Reproduce the listing exactly and skip over any pictures.

* [DATA EXCERPT]:
- Opening Delimiter -

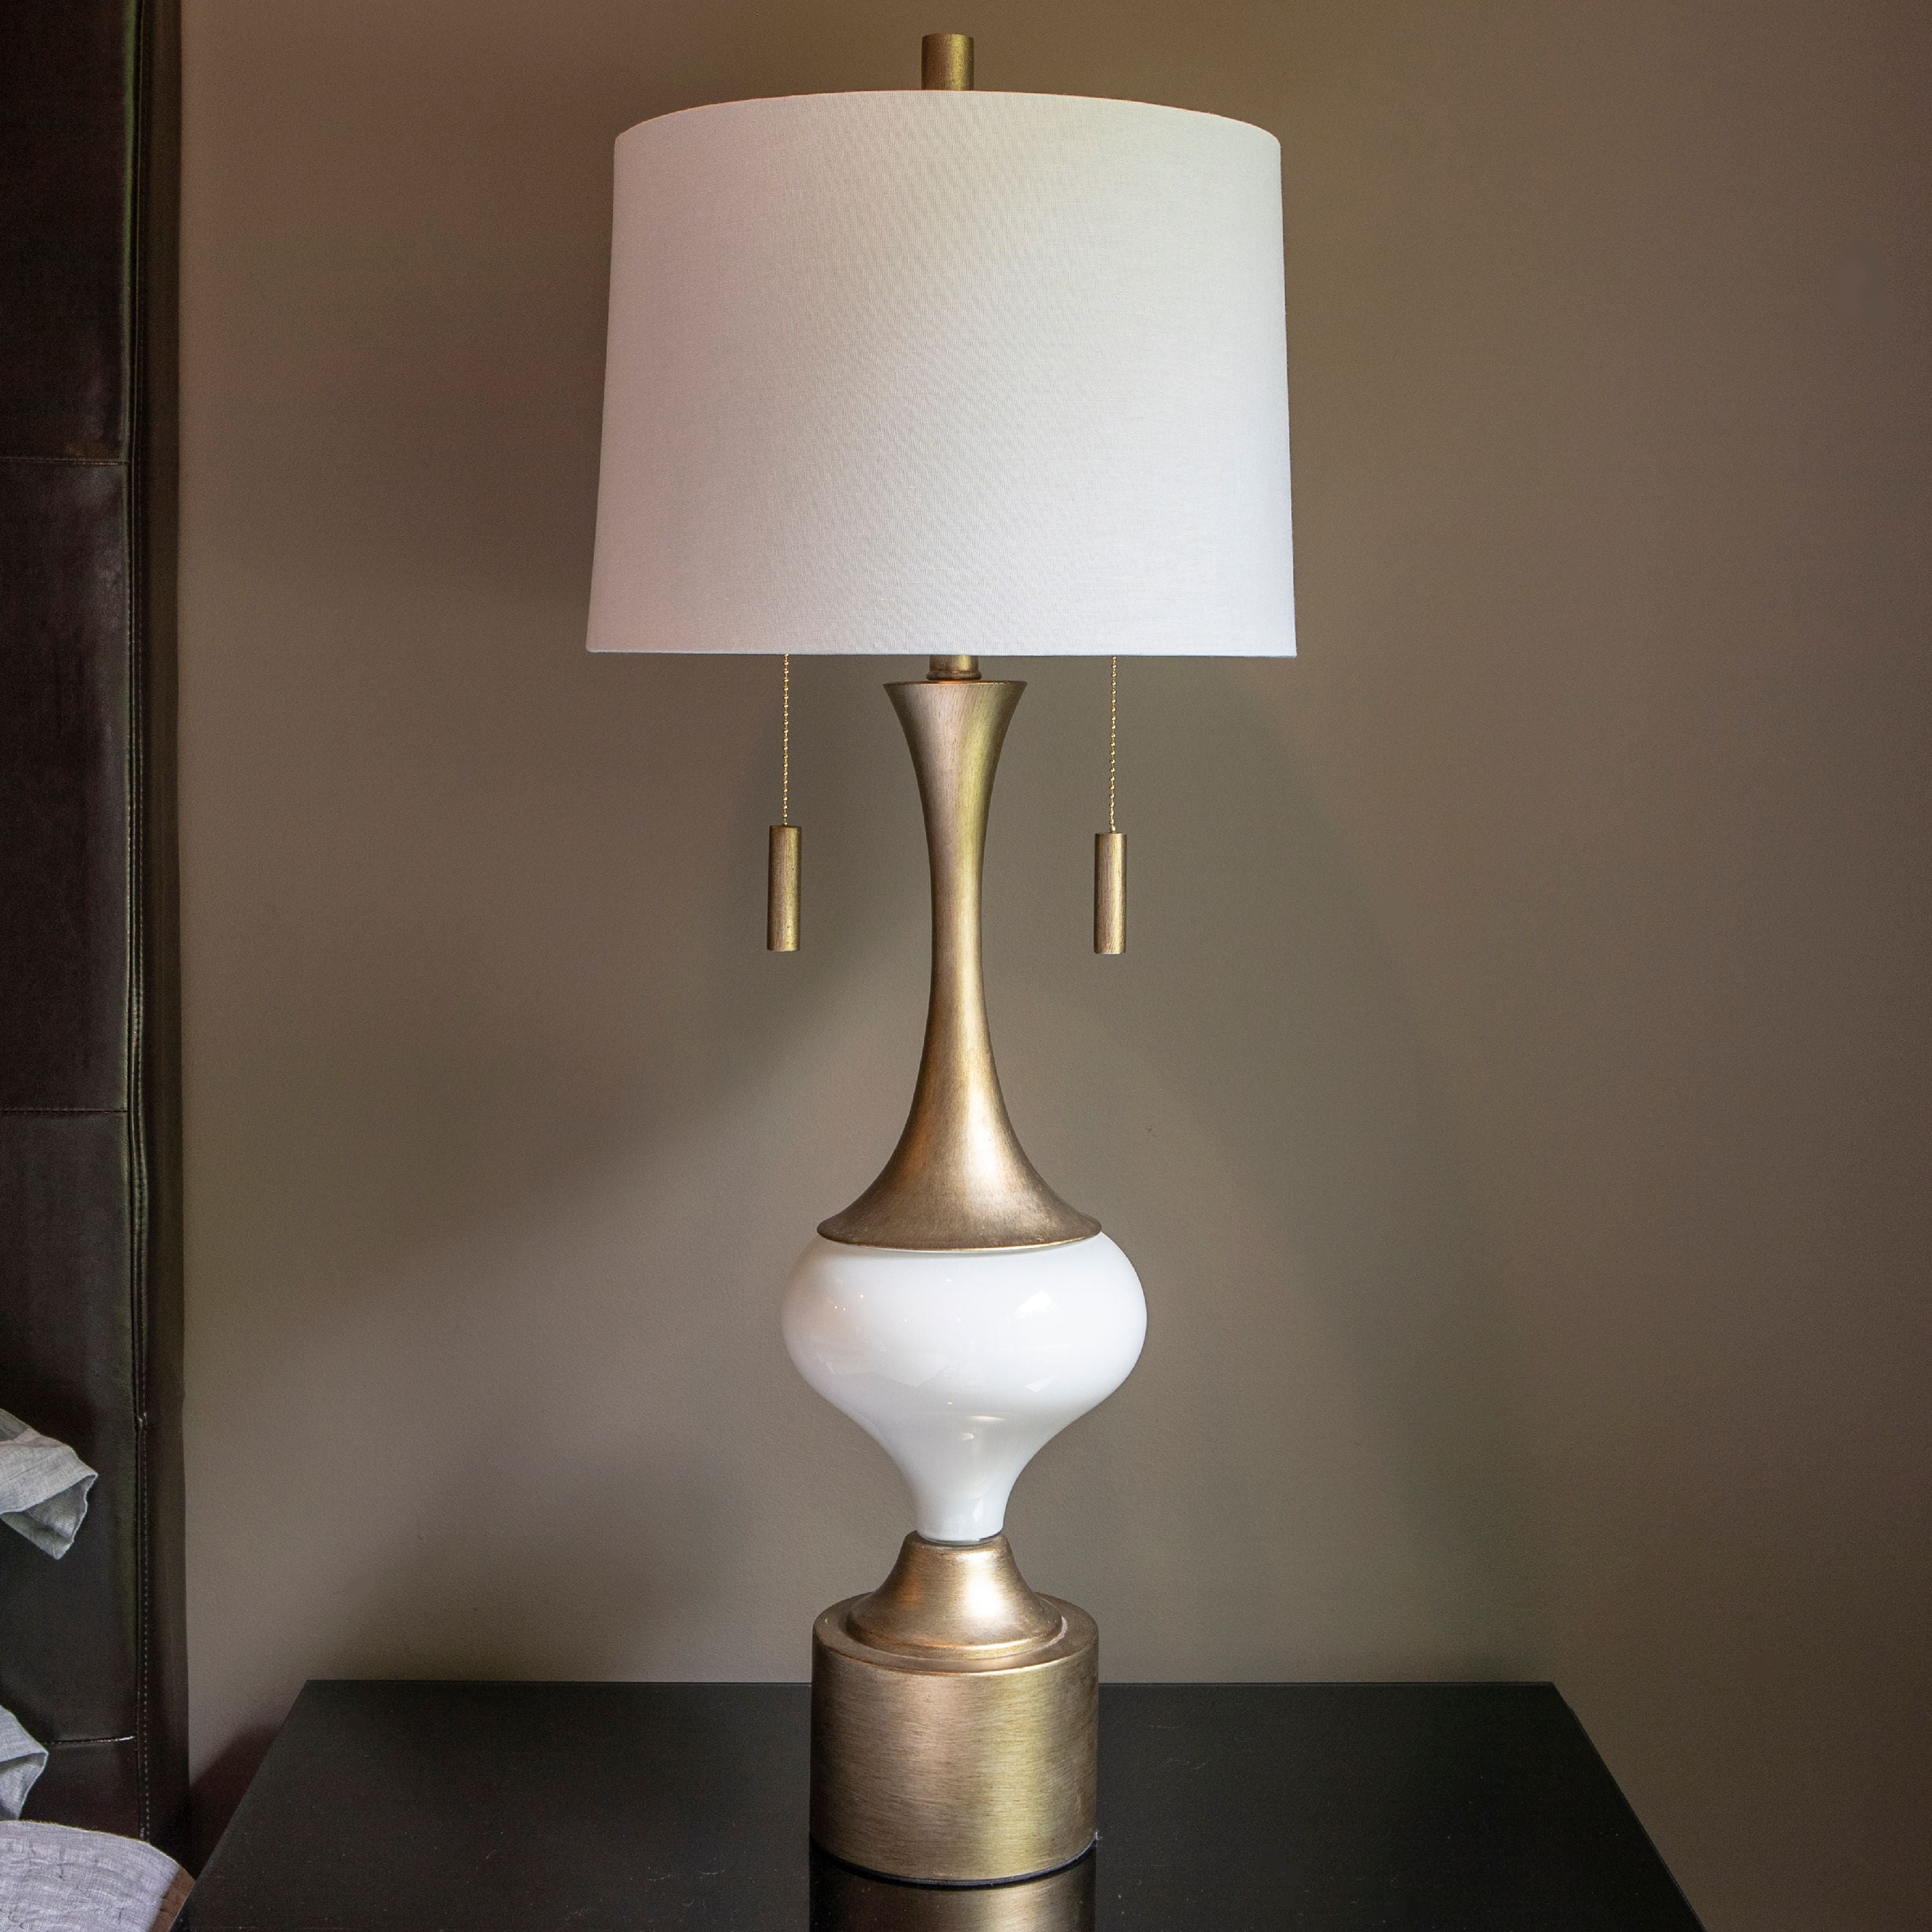 Therapy Vintage Table Lamp White Glass, Antique Vintage Table Lights
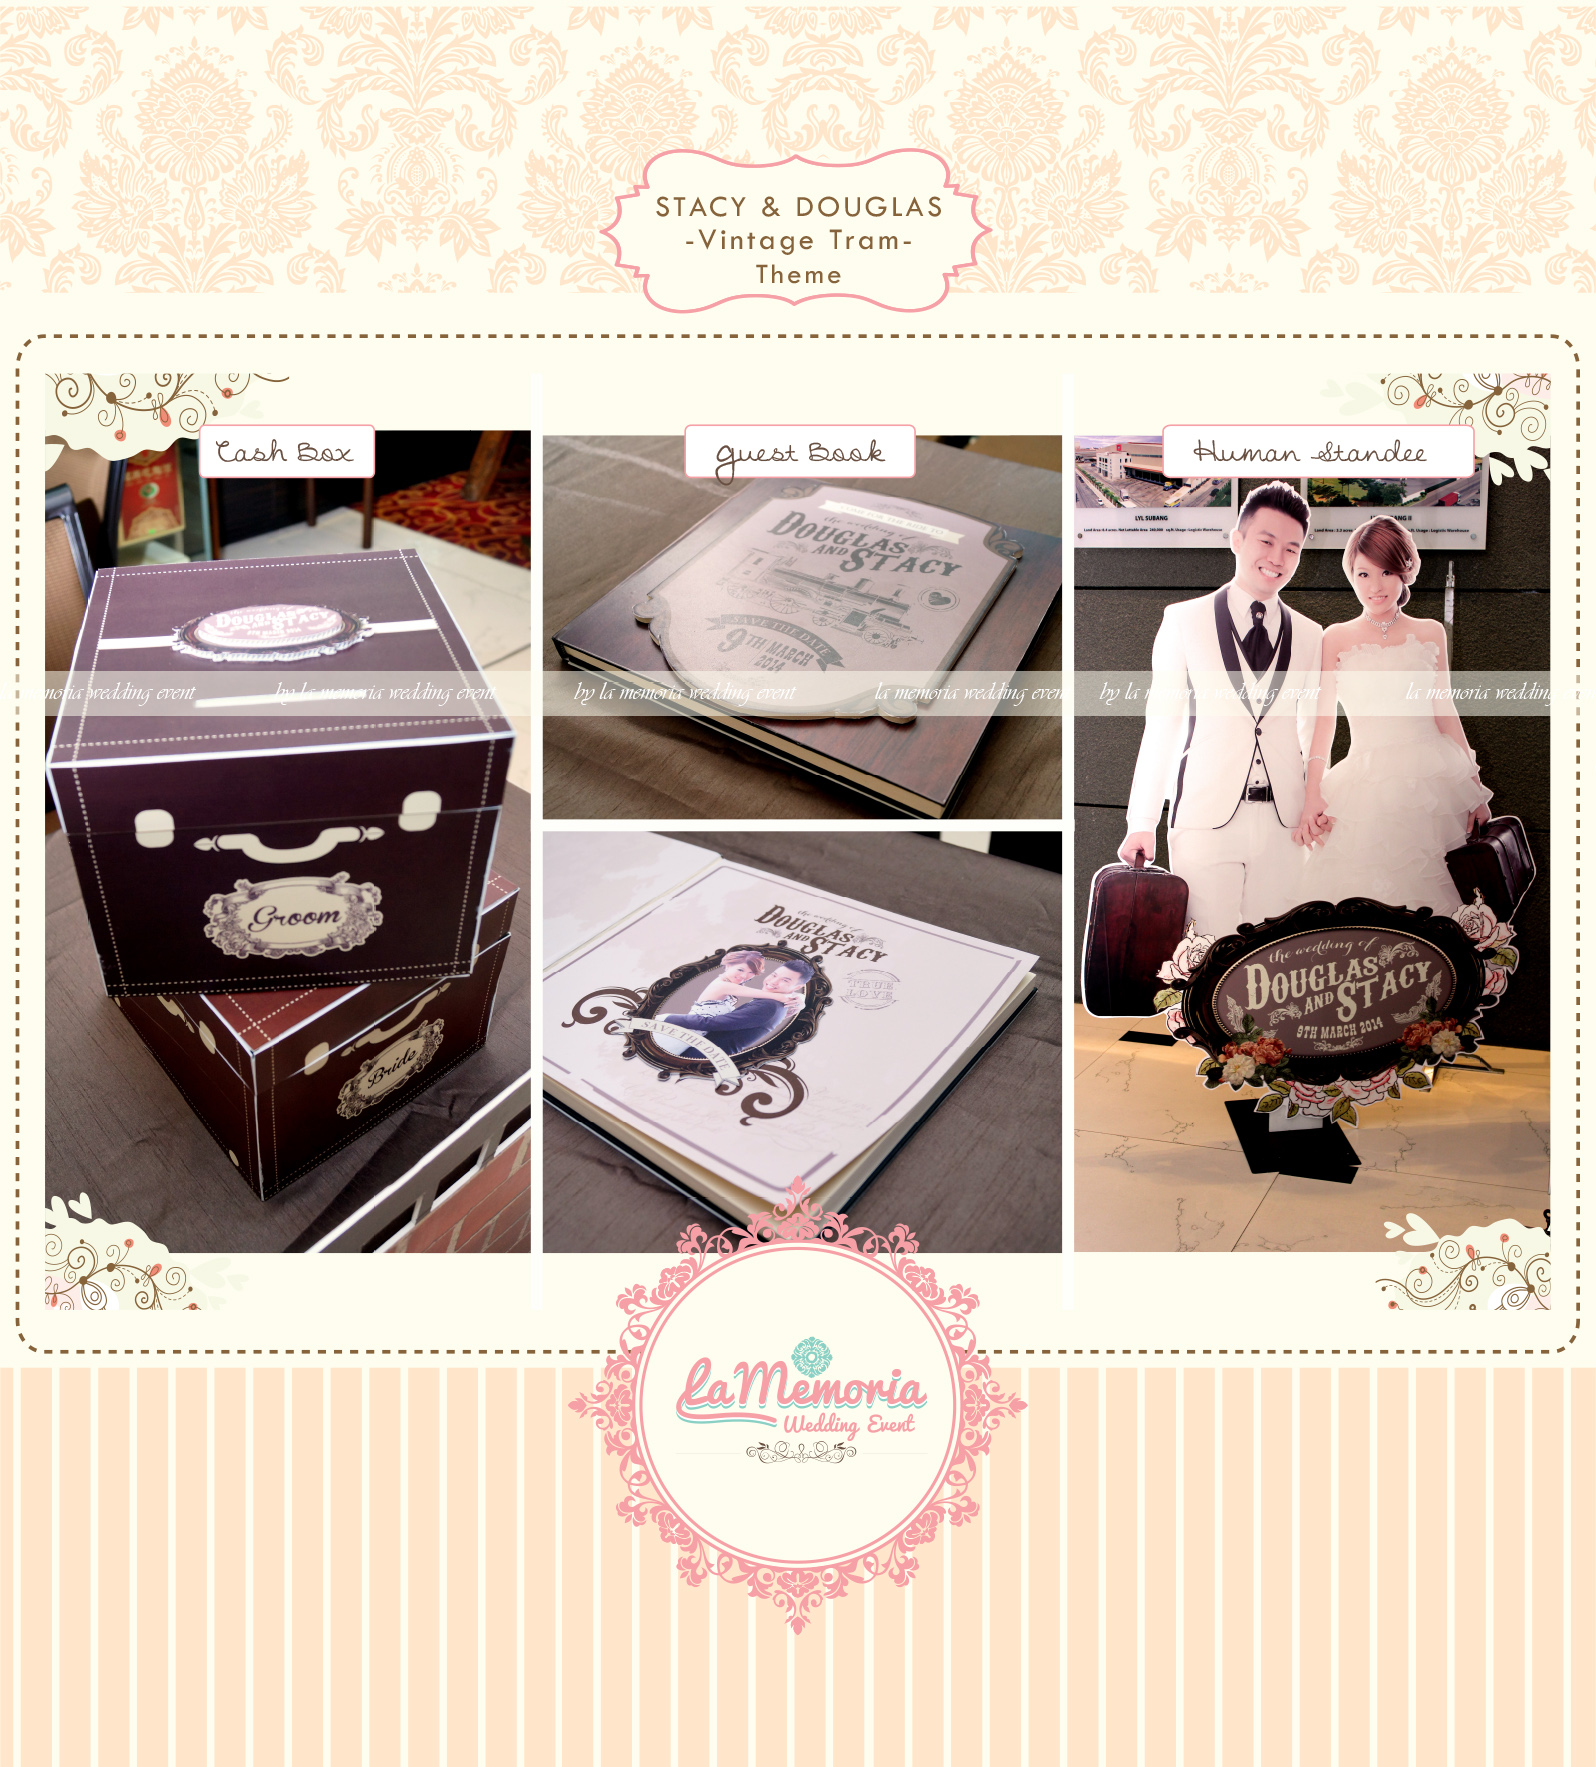 Theme: Vintage Train-Guestbook, Giant Standee & Cash Box
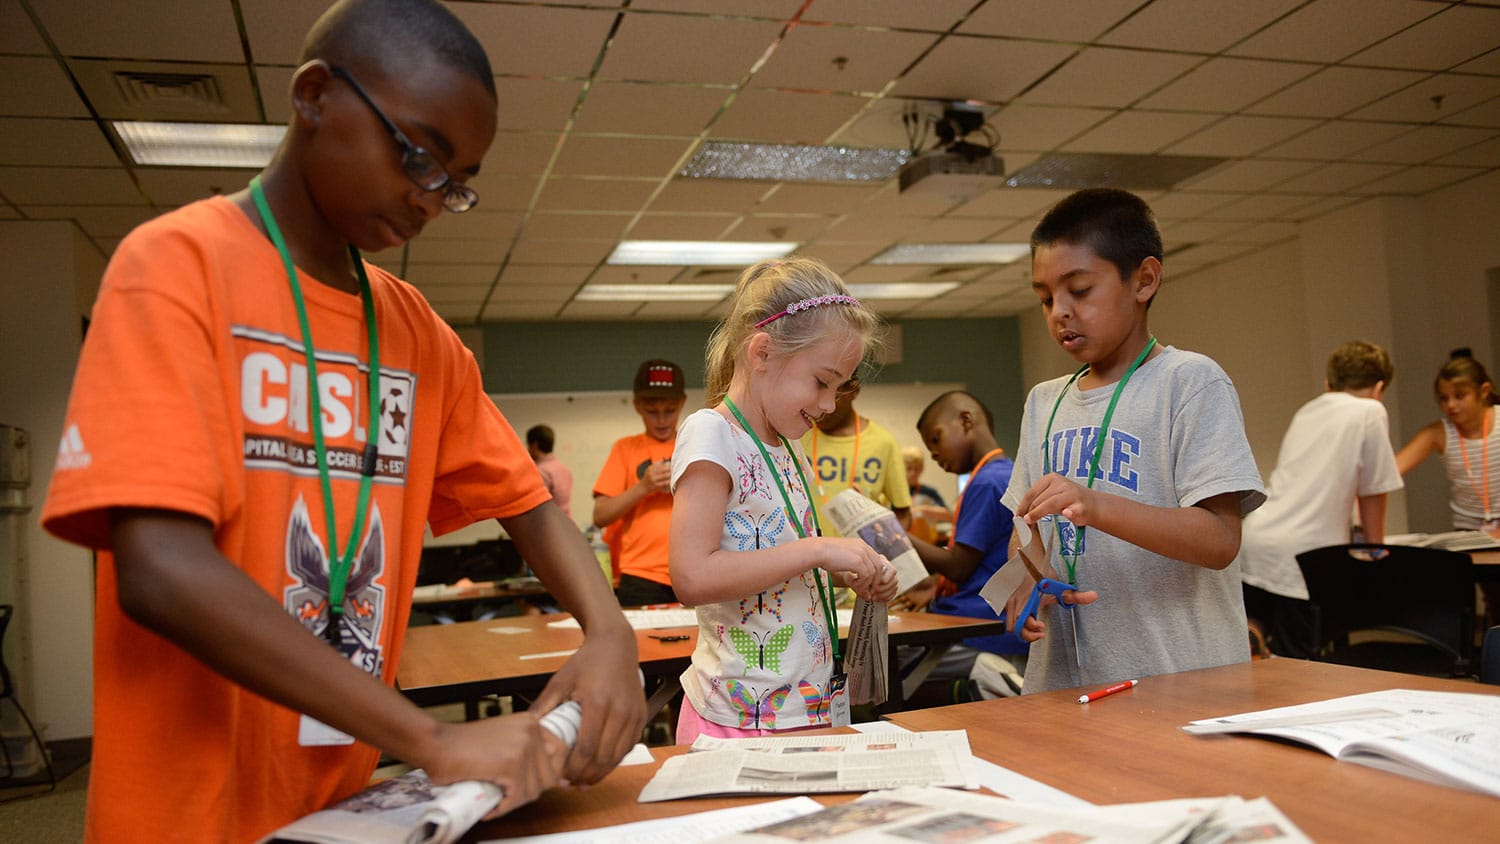 Elementary-age students take part in a hands-on engineering project during summer camp.
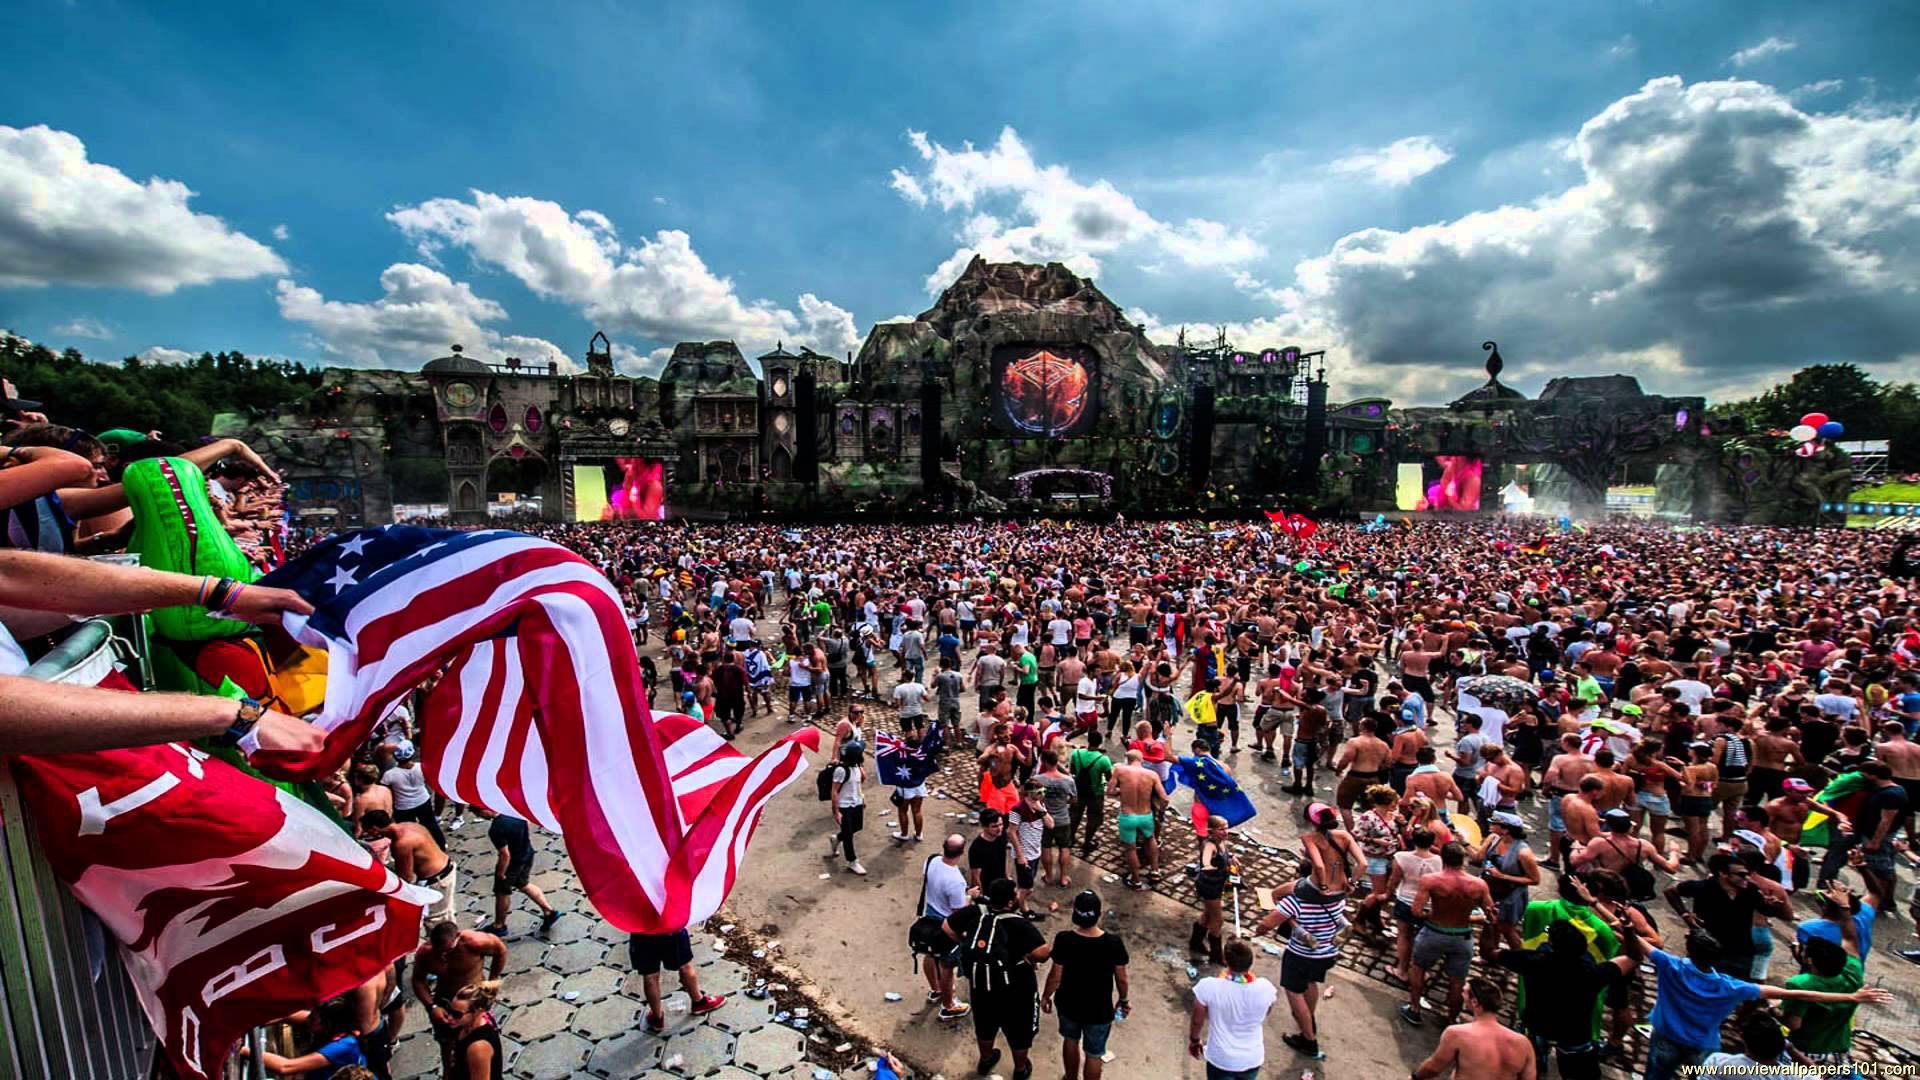 tomorrowland hd wallpapers,crowd,people,event,festival,public event

- Closing Delimiter -

* [SOLUTION FOR THIS EXERCISE]:
 Therapy Vintage Table Lamp White Glass, Antique Vintage Table Lights
 Theme: Vintage Train-Guestbook, Giant Standee & Cash Box
 Elementary-age students take part in a hands-on engineering project during summer camp.
 tomorrowland hd wallpapers,crowd,people,event,festival,public event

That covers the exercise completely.